*Task:* Your task is to print all of the data below exactly, with no pictures included.
== Supplied information
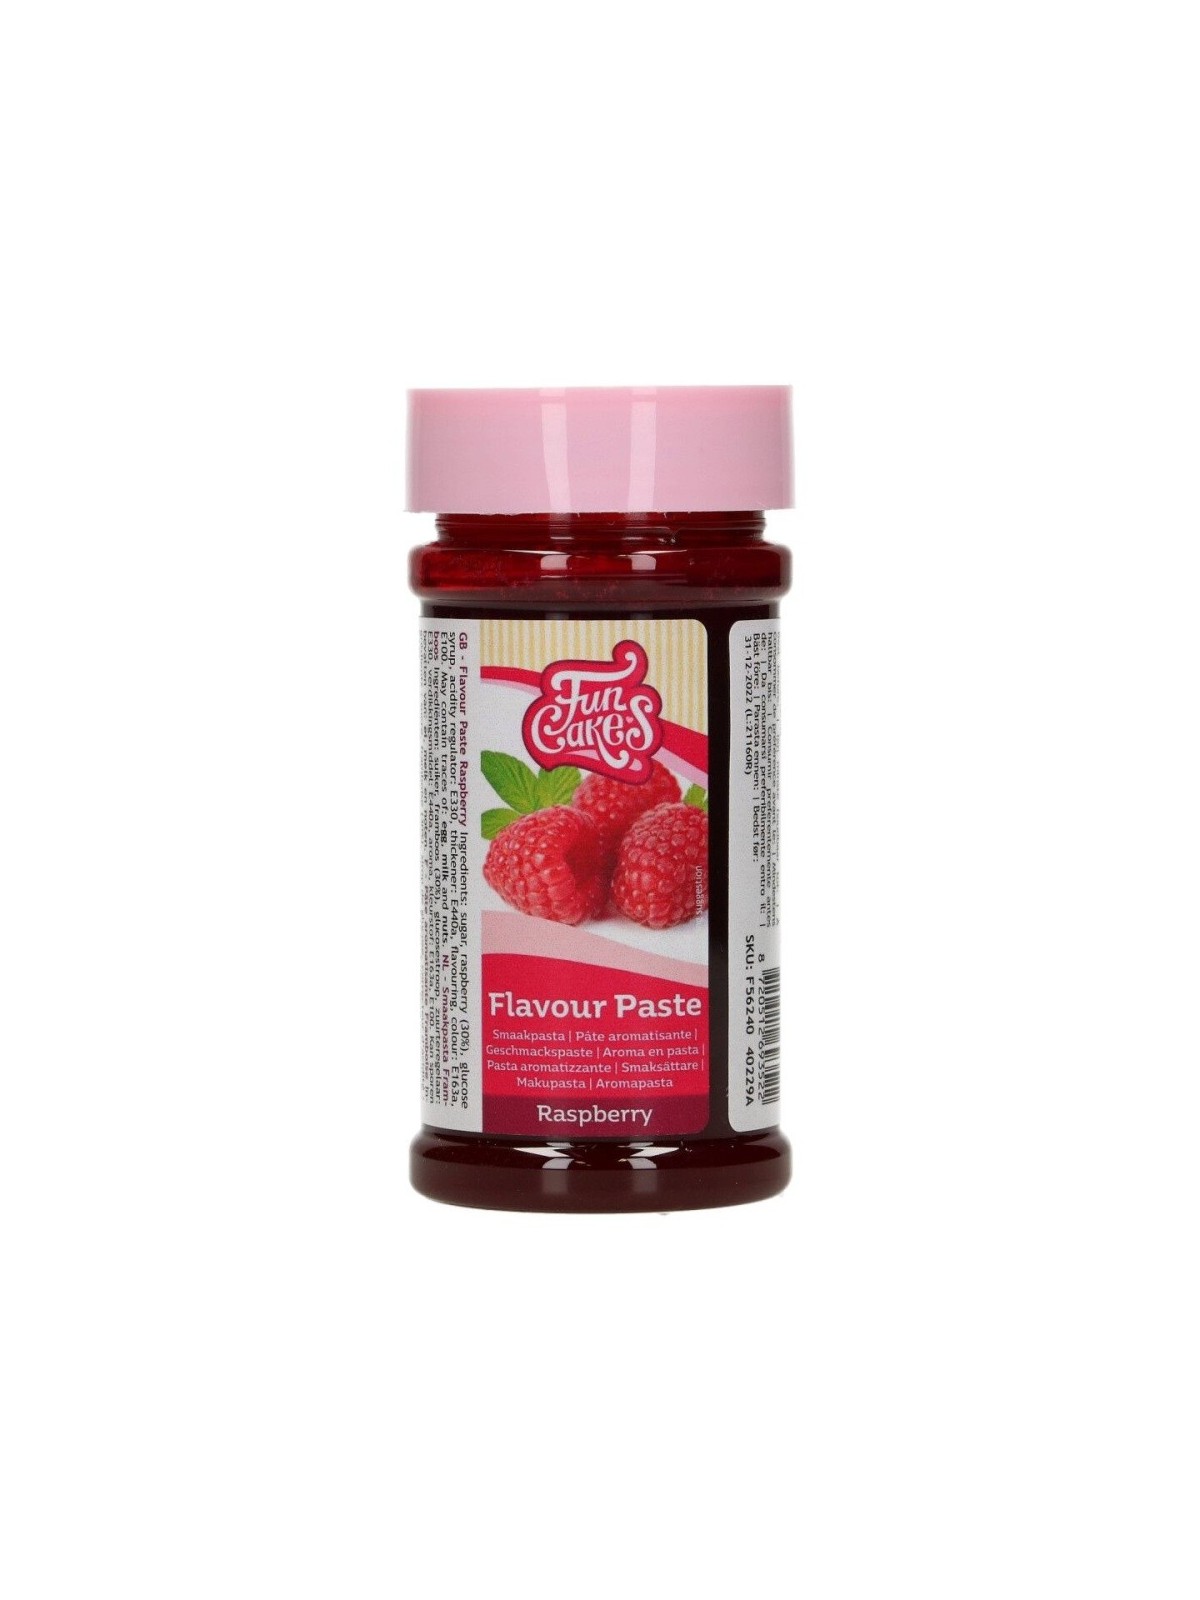 FunCakes Flavouring  - Raspberry - 120g
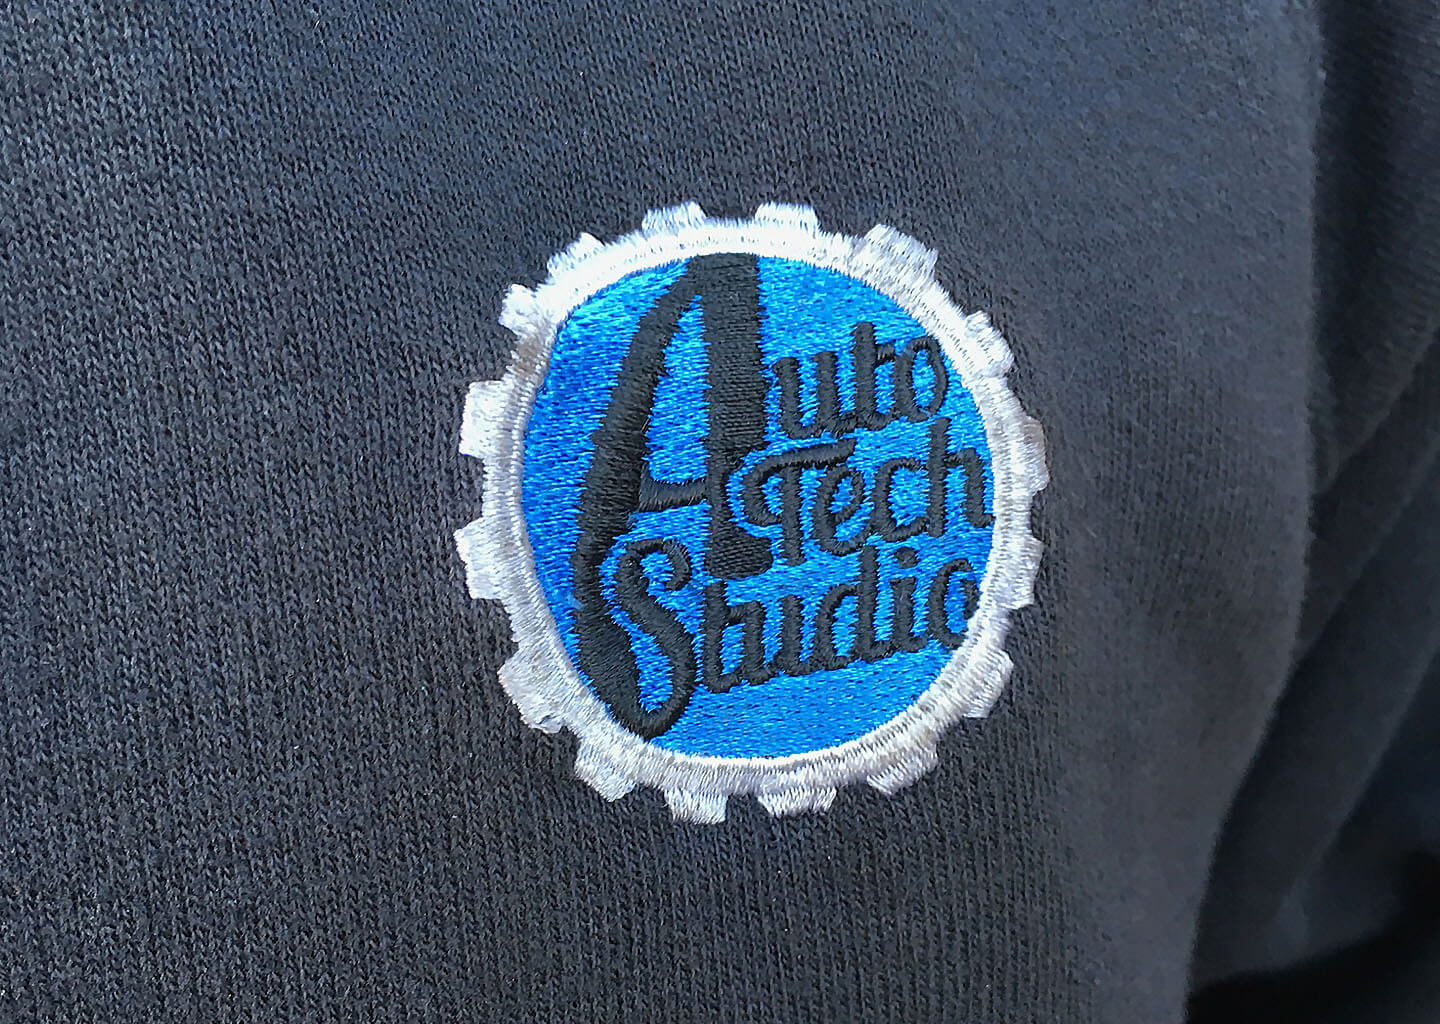 Auto Tech Studio logo
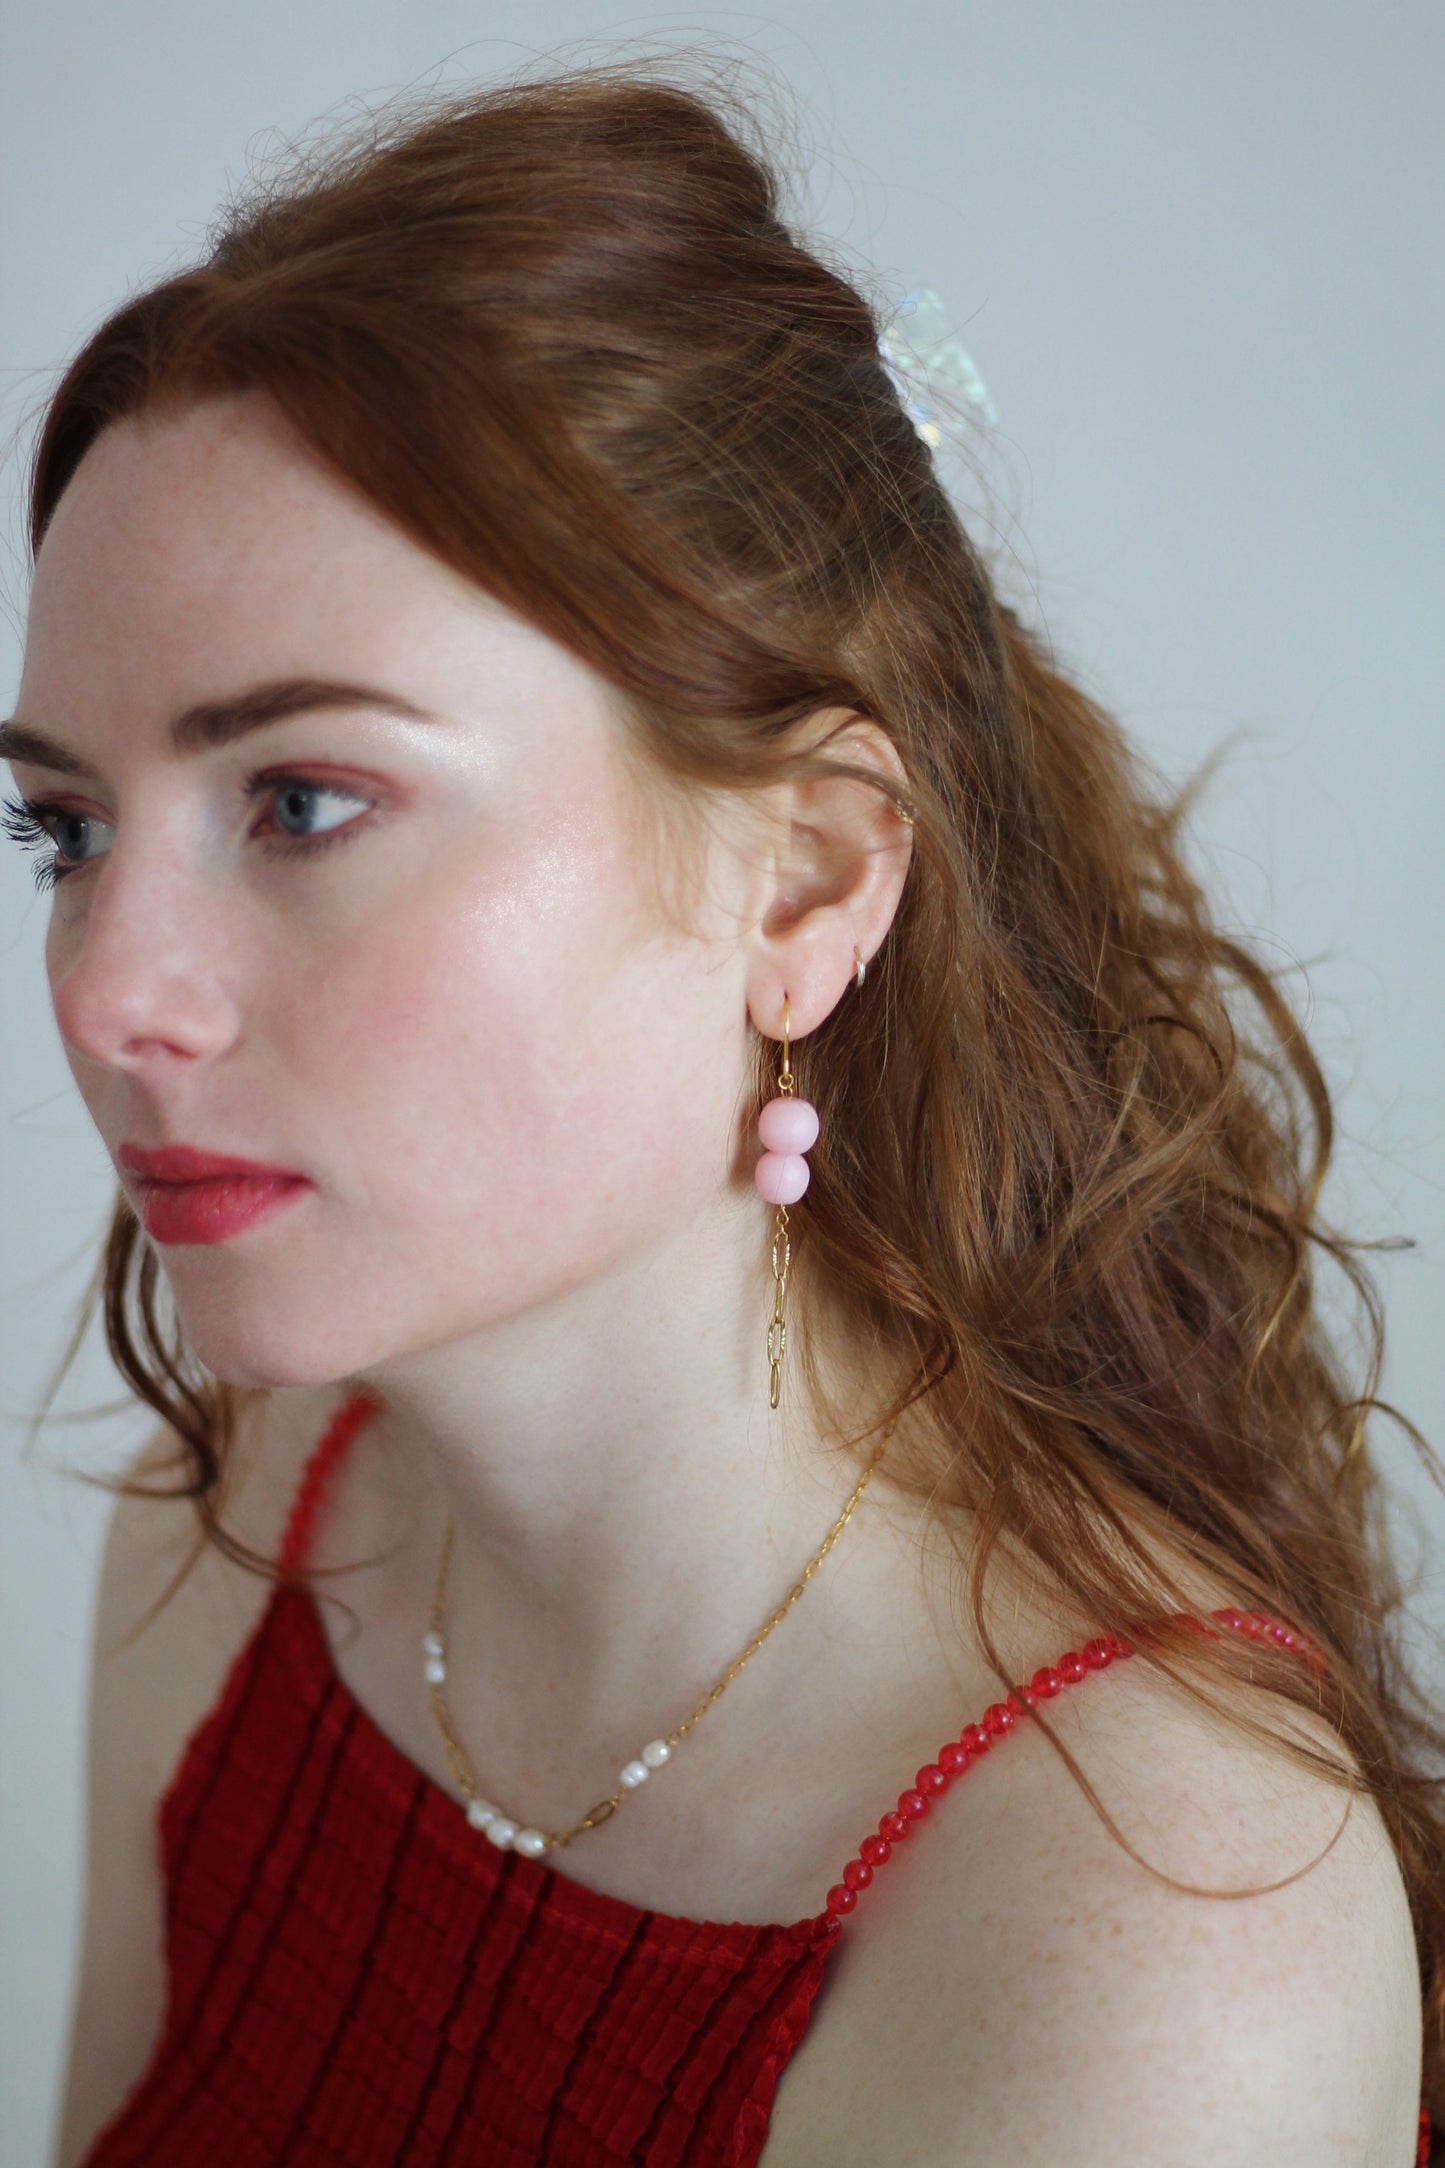 AVA bead earrings - Pastel pink
====
*Answer for the task:*
 FunCakes Flavouring  - Raspberry - 120g
 Auto Tech Studio logo
 AVA bead earrings - Pastel pink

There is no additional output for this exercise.